WORK REQUEST: Give the data again in its entirety, exactly as provided.
-------- INFORMATION
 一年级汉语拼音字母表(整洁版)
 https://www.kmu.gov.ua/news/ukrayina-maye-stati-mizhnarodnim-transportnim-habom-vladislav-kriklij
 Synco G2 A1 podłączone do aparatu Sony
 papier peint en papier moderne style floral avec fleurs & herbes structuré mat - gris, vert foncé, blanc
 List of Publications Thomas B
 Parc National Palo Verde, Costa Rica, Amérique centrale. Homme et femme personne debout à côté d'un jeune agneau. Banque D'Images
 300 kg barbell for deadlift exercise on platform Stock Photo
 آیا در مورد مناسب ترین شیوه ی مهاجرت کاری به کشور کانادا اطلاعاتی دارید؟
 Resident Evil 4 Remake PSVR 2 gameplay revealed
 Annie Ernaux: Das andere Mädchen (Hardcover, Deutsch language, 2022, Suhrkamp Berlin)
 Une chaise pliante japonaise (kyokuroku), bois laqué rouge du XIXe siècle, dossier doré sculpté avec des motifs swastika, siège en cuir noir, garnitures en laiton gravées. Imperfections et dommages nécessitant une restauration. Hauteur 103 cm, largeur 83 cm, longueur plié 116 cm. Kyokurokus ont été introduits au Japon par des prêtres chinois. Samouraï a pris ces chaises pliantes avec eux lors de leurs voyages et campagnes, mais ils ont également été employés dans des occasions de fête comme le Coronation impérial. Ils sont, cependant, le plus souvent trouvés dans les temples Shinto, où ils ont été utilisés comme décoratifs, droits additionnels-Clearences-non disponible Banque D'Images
----------------
SOLUTION FOR THIS PROBLEM:
 一年级汉语拼音字母表(整洁版)
 https://www.kmu.gov.ua/news/ukrayina-maye-stati-mizhnarodnim-transportnim-habom-vladislav-kriklij
 Synco G2 A1 podłączone do aparatu Sony
 papier peint en papier moderne style floral avec fleurs & herbes structuré mat - gris, vert foncé, blanc
 List of Publications Thomas B
 Parc National Palo Verde, Costa Rica, Amérique centrale. Homme et femme personne debout à côté d'un jeune agneau. Banque D'Images
 300 kg barbell for deadlift exercise on platform Stock Photo
 آیا در مورد مناسب ترین شیوه ی مهاجرت کاری به کشور کانادا اطلاعاتی دارید؟
 Resident Evil 4 Remake PSVR 2 gameplay revealed
 Annie Ernaux: Das andere Mädchen (Hardcover, Deutsch language, 2022, Suhrkamp Berlin)
 Une chaise pliante japonaise (kyokuroku), bois laqué rouge du XIXe siècle, dossier doré sculpté avec des motifs swastika, siège en cuir noir, garnitures en laiton gravées. Imperfections et dommages nécessitant une restauration. Hauteur 103 cm, largeur 83 cm, longueur plié 116 cm. Kyokurokus ont été introduits au Japon par des prêtres chinois. Samouraï a pris ces chaises pliantes avec eux lors de leurs voyages et campagnes, mais ils ont également été employés dans des occasions de fête comme le Coronation impérial. Ils sont, cependant, le plus souvent trouvés dans les temples Shinto, où ils ont été utilisés comme décoratifs, droits additionnels-Clearences-non disponible Banque D'Images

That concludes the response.